Saturday, November 16, 2013

Song festival

My kibbutz will be celebrating its 65th birthday in December. There's quite a heavy programme planned for the first week, but I shall be elsewhere as my two doctoral exams will be held at the end of that first week. 

At the end of the month will be held a song festival; a month or so ago, a call was put out for people to write songs around the theme of the 65th birthday. It was stated that those who only wrote lyrics would have tunes provided for them. I volunteered my services to write tunes.

Yesterday, one of the festival organisers called me and asked whether I was still prepared to write music. I noted that I had the exams at the beginning of the month, but that I would find the time for the music. We agreed that working on songs makes a good distraction from preparing for doctoral exams.

After we spoke, the hint of a tune came to mind. I mentally filed it away for further use, as there was no guarantee that the tune would be at all suitable (in terms of metre) for the lyrics that I would be sent. As it happens, the first set of lyrics which I saw fit almost exactly onto the tune (a nice piece of serendipity), so I was easily able to extend my snippet into something more substantial. I noted that there were some lines which were problematic in that they had too many syllables, but I managed to get around this.

The chord sequence for the verse is a combination of something standard aligned with my harmonic sense: in the key of E minor, there are two repeats of Em | Bm | C | G | Am | B | C | D |
followed by two bars of E minor, which link the verse to the chorus. The instrumentation is basically syncopated Rhodes, bass and drums.

The chorus, though, was something else again. At first, I couldn't see much of a rhythm in the words, but after playing with it for a while, I began to see opportunities. The tune which I created for the opening of the chorus used virtually the same chord sequence as the verse, which was a mild annoyance to me, so the next part veered from the standard into more familiar territory for me. Two repeats of Em | Bm | C | G, followed by Am - so far, standard. But the A minor is followed by G minor: Am | Gm | F | Gm | Am | Bb | Am | Bb.

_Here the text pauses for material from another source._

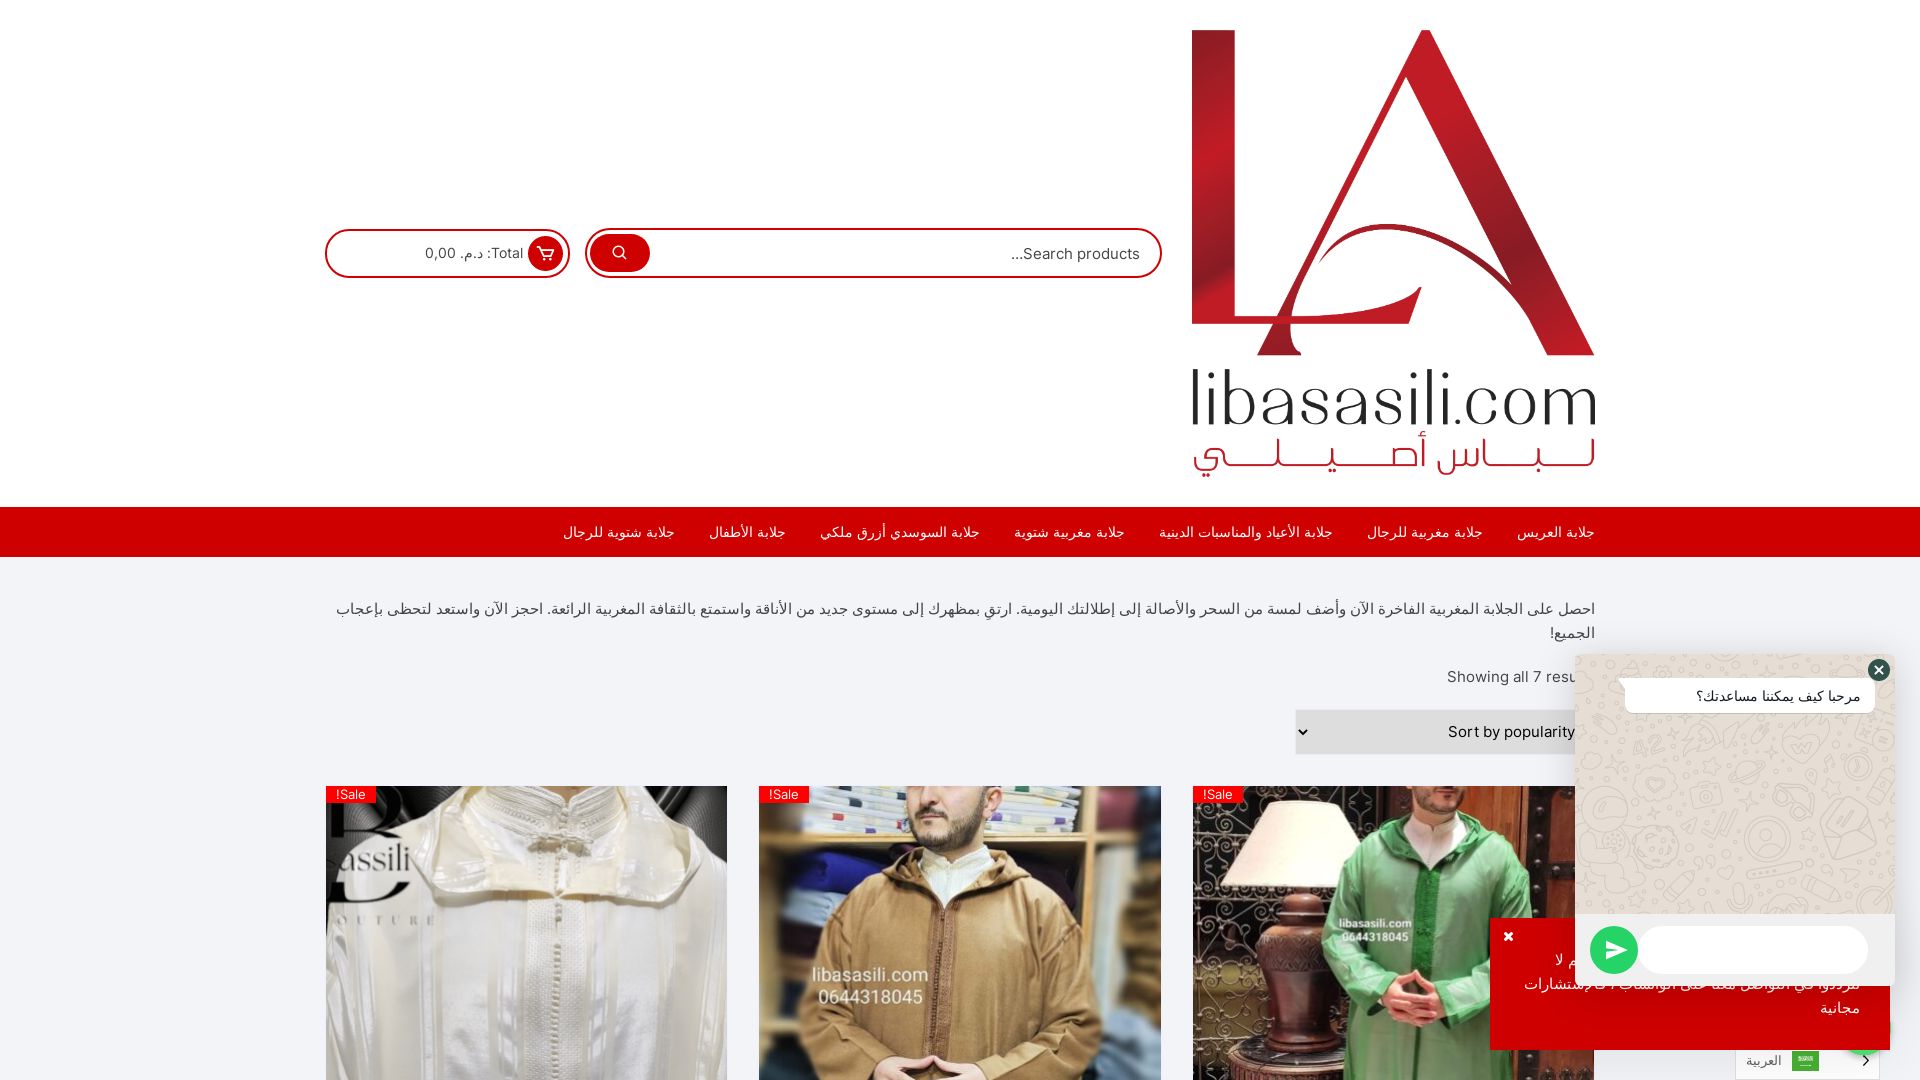 网站状态 libasasili.com 是  在线的

At this point, I was worried that I had dug myself into a hole from which I would not extract myself, so I put in a four bar instrumental which brings us back home - C | D | Em | Em. The end part of the chorus serves as the introduction, and there the E minor chords are major.

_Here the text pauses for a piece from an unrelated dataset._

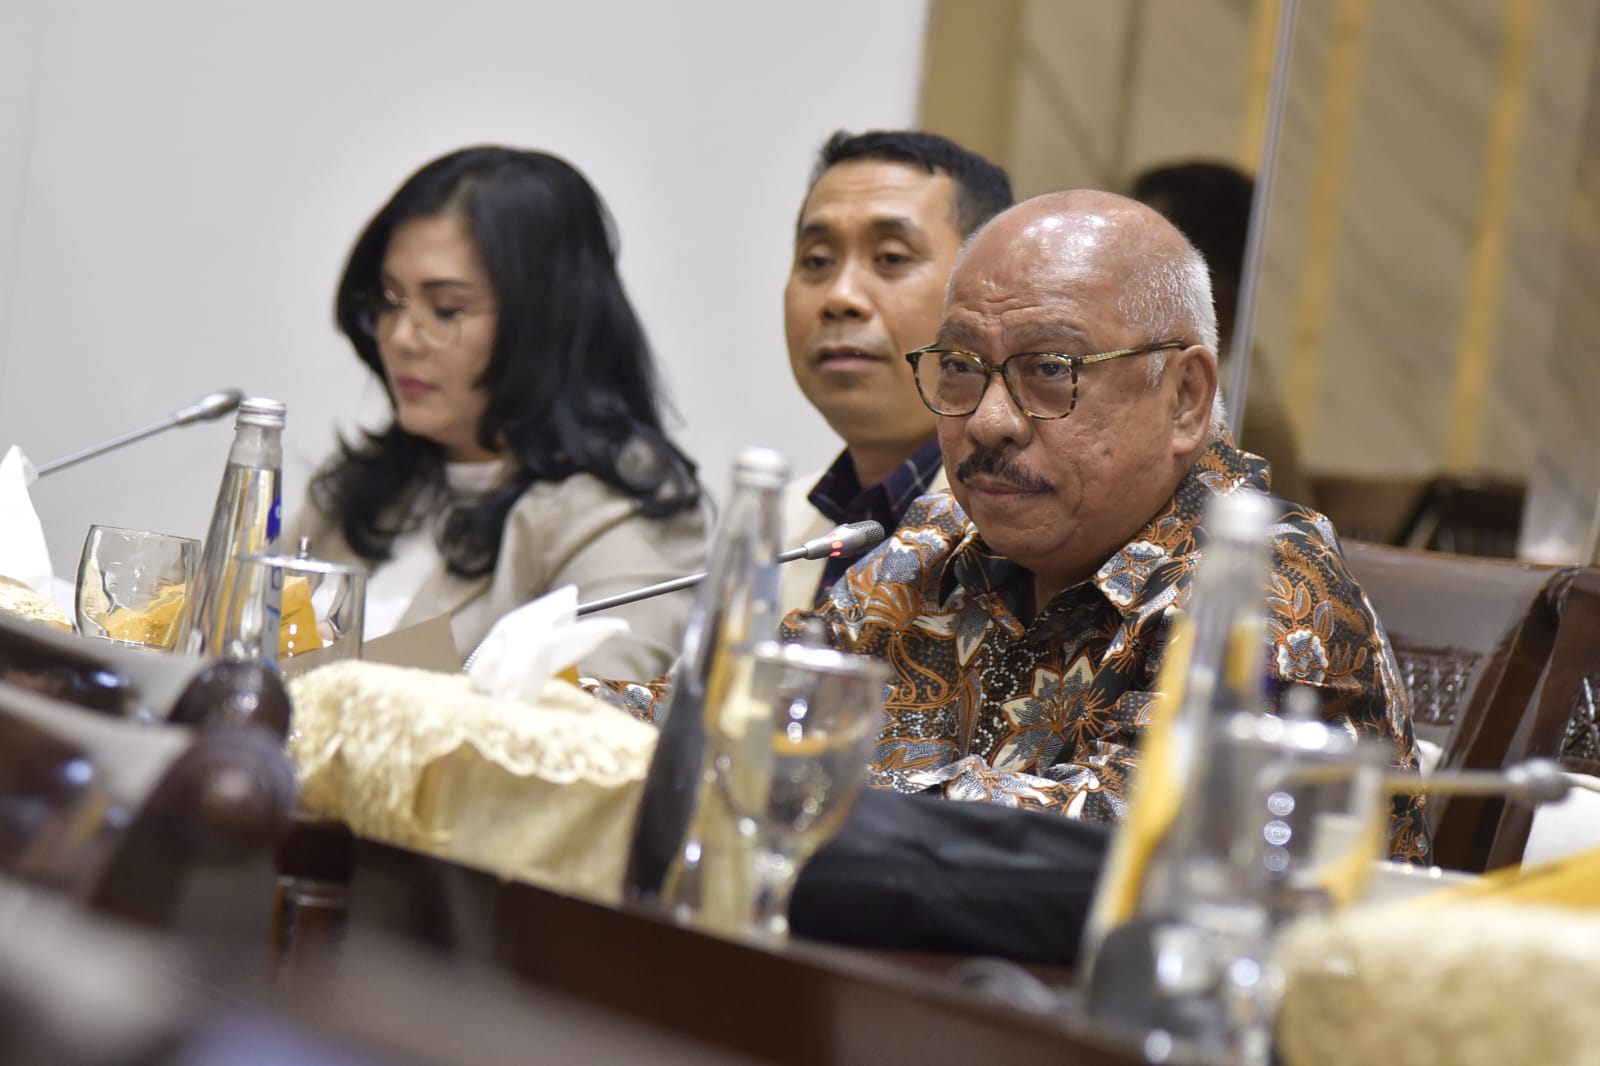 Legislator: Masalah Narkoba Sangat Parah Bisa Mengganggu Tujuan Indonesia Emas 2045

Whilst I was working out the tune and the chords, I also developed the arrangement. Actually, there isn't much development, as this song is being written for a song festival: the most important part is the words, followed by the tune, followed by the chords and ended by the arrangement. So I settled on a fairly simple arrangement with only small amounts of instrumental fairy dust.

Feeling that the chorus wasn't packing much power - to be honest, the line structure didn't help here - I decided to cut the second chorus short and then repeat it from the beginning, this time in a different key. The first attempt as this was ok, but after thinking about it, I decided to make the cut earlier, then transpose to F#m.

I'll record vocals this afternoon and then we'll see what happens to this song. The fascinating point about this process is that I received the lyrics at about 1:30pm and had a finished song (without vocals) at around 6pm. I would have completed the song that evening had it not been a Friday night, when my daughter comes for a cooked (and formal) meal. 

Do I wish I could normally work this fast? It certainly makes life much easier having a completed set of lyrics. Normally I would work and work on the arrangement, thinning it out at the beginning and adding instrumental dexterity later on, but as I wrote at the beginning, this time the music is not the focal point.

I have also been sent the lyrics to another song. At first glance, these are going to require a completely different approach, but I won't start with them until I finish this first song.

We last had a song competition about fifteen years ago: I took one of my songs and had the lyrics translated into Hebrew. My wife and I sang the song with live backing, and I thought that we did very well. In fact, everyone who had heard the song during rehearsal was impressed. But as the kibbutz as a whole voted on the songs, extraneous factors came into play, and I don't think that the voting reflected the musical quality. We came third, but this left a sour taste in my mouth.